Robert: Why is justice depicted by the scales evenly balanced?
Sarah: You know, I’ve wondered about that for the longest time. Wouldn’t you think justice would come down on the side of one or the other? I’m still of the old age where I favour one side and not the other. But justice does in fact seek an equilibrium, and I was thinking and thinking about this, and I came up with the idea that maybe the third point which we mentioned earlier is what justkce seeks. This, I think, was touched upon by the Buddha when he talked about the “Noble Middle Way,” which is the way between the pairs of opposites. The Buddha did not advise that we take one side or the other, but track or chart the razor-edged path through the pairs of opposites and beyond them. This is where we find justice, knowing all the while that the law of karma does inevitably fulfil itself, eventually. I think you can aspire to justice and have the realization that Karma will correct all wrongs. They don’t preclude each other.
Dale: No, and in that symbol of the scales, it wouldn’t be a scale if it weren’t balanced on that third point, that fulcrum. That is what creates the third point, otherwise it would be just sitting there and there would be a duality of opposing forces; there wouldn’t be a third point. In a court case you have the defence and prosecution, and it’s the judge and the jury that provide the point at the centre.
Sarah: And I suppose these pairs of opposites become increasingly subtle as the human being treads the spiritual path. It starts out with very obvious oppositions, but they become more and more subtle on the path. I think that pertains to an individual and to a society. I think nations and whole peoples are finding that they have to make more and more subtle judgments. Here we are still the most litigious society on Earth. We haven’t really figured out that going to court doesn’t always settle in a just way. So, we have a lot to learn, I think.

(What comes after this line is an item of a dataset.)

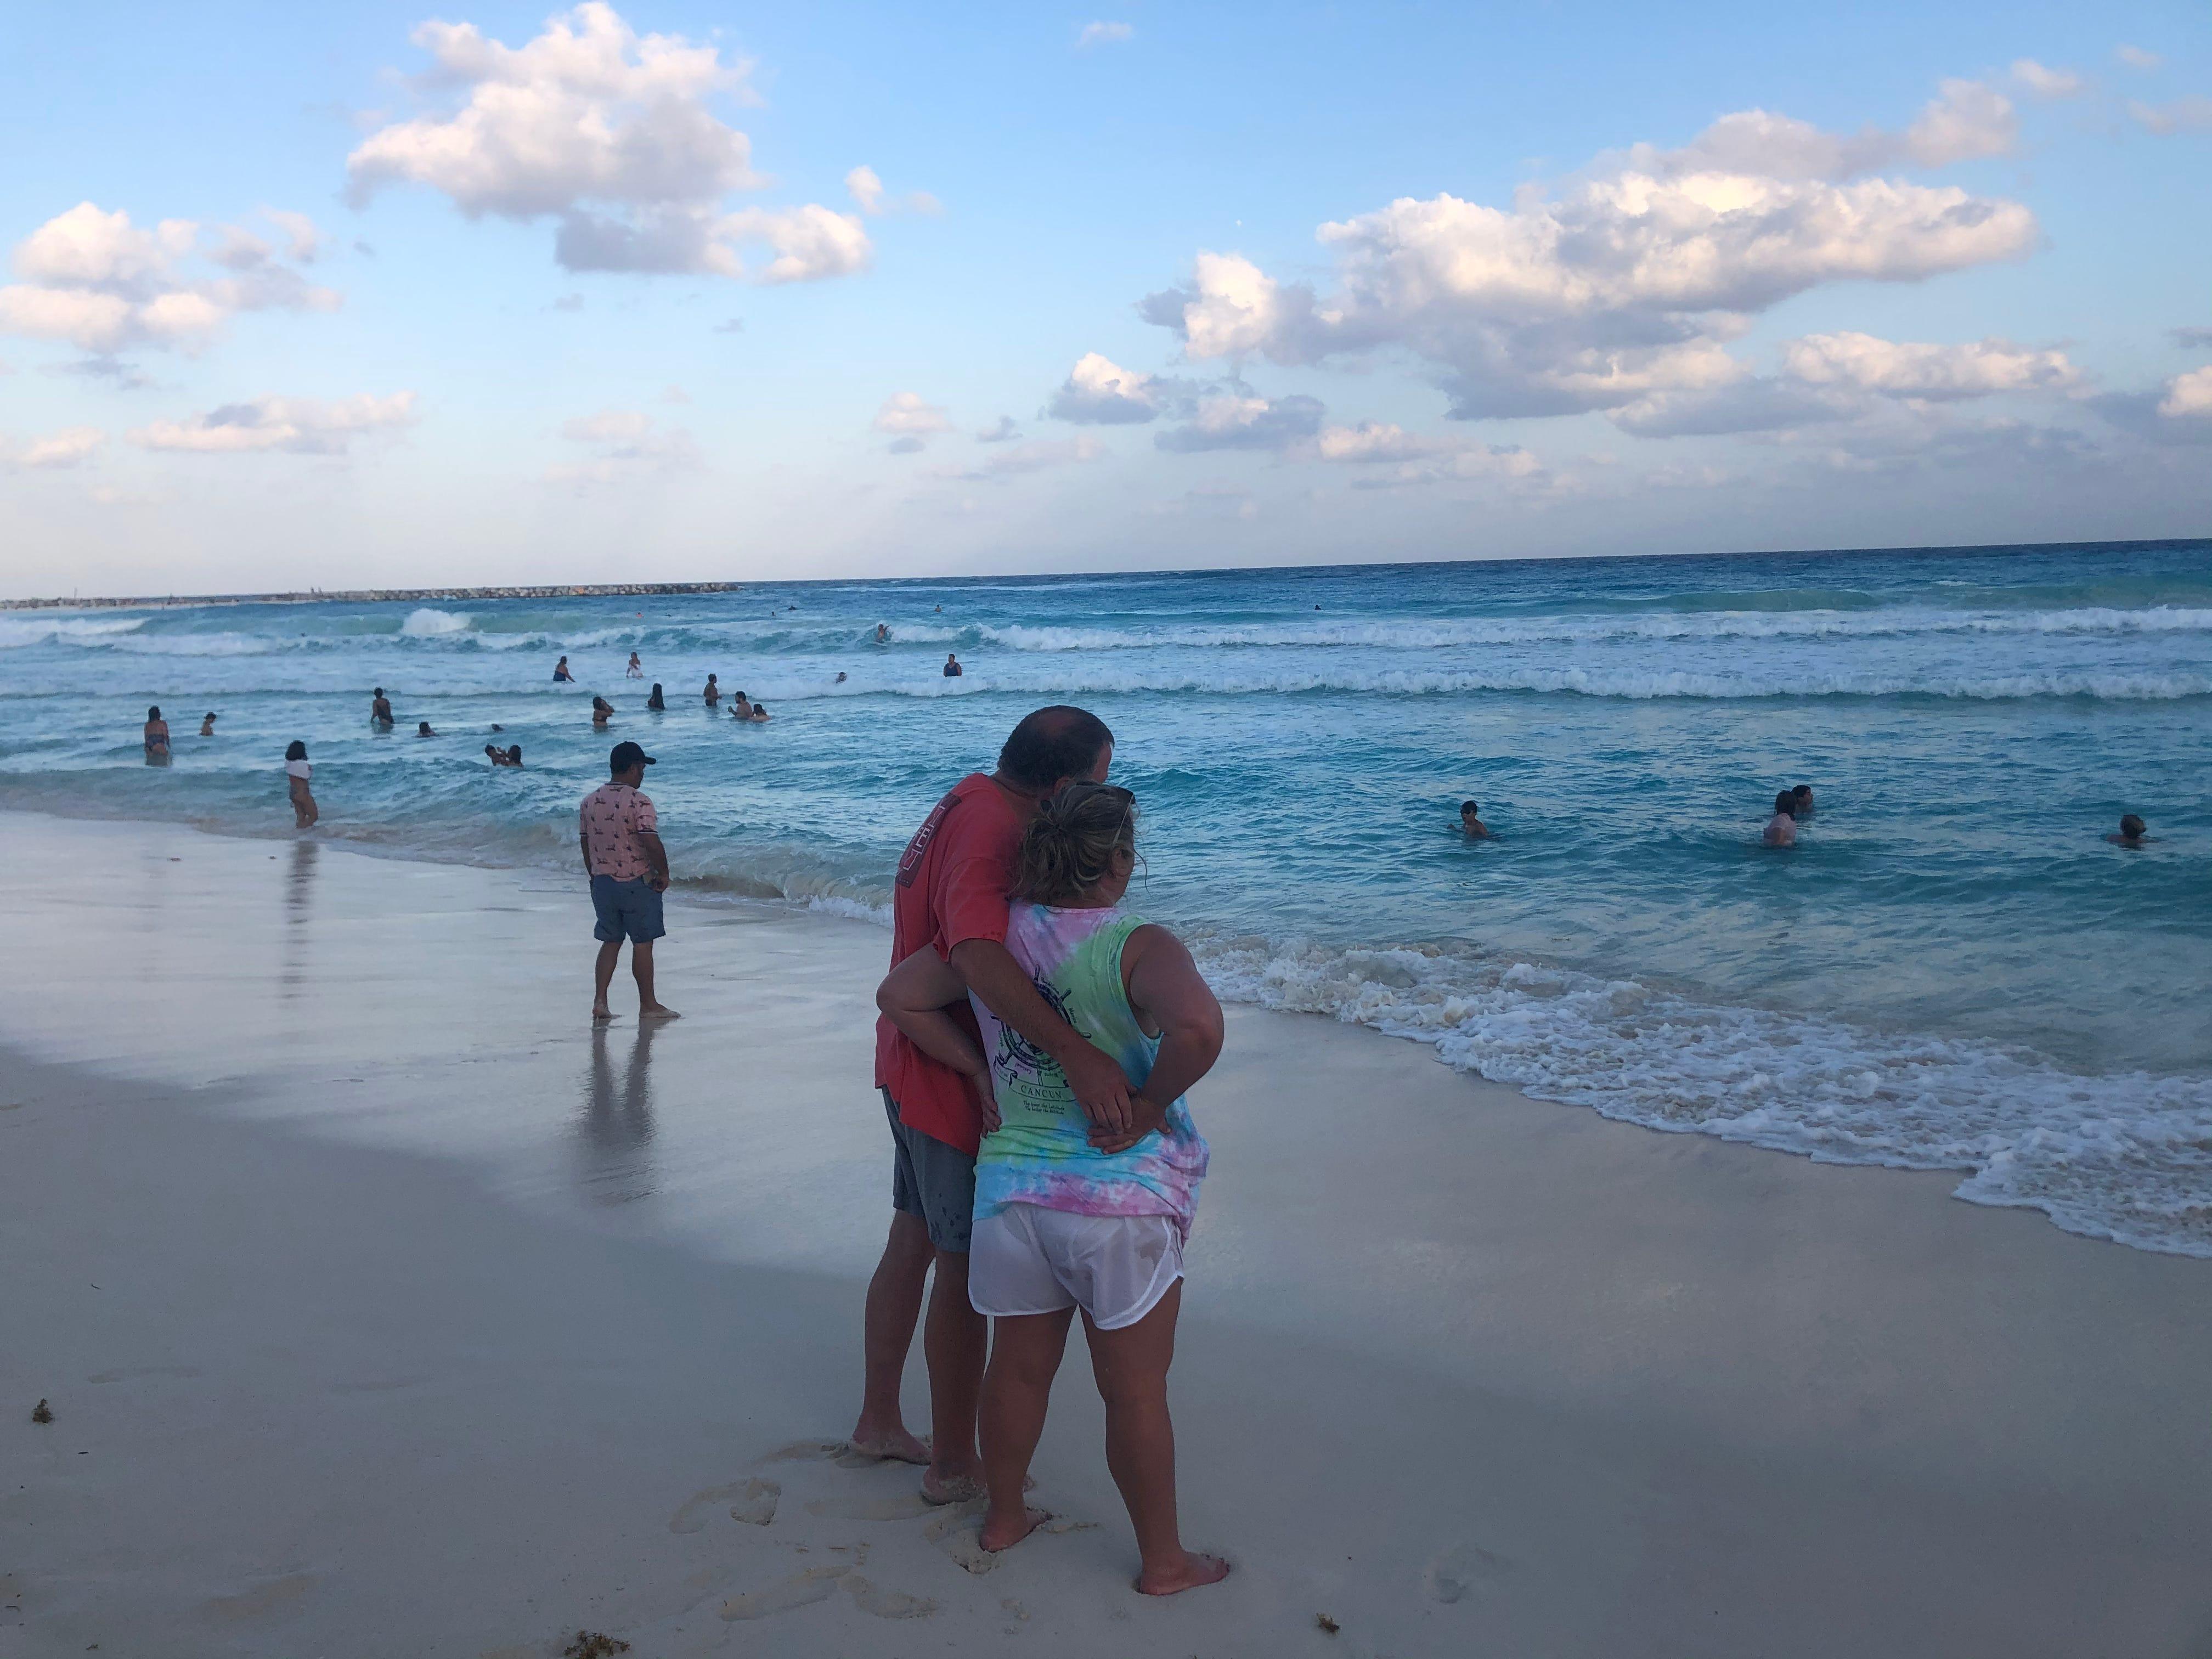 Cancun spring break amid the coronavirus pandemic

Robert: Look upon Buddha and Christ and some of our other great spiritual leaders as being people who genuinely believed in karma; you never see them being proactive with revenge. There’s always a feeling that the universe and karma and spiritual law will take care of it, and I guess that’s really the way to peace. That’s about all the time we have for our discussion today. You’ve been listening to Inner Sight. Now we would like to close with a world prayer called the Great Invocation. It’s a call for light and love and goodwill to flow into the world and into our hearts. Let’s listen for a moment to these powerful words.
Sarah: Closes the program by reciting the adapted version of the Great Invocation.
(This is an edited transcript of a recorded radio program called “Inner Sight.” This conversation was recorded between the host, Robert Anderson, and the then President and Vice-President of Lucis Trust, Sarah and Dale McKechnie.)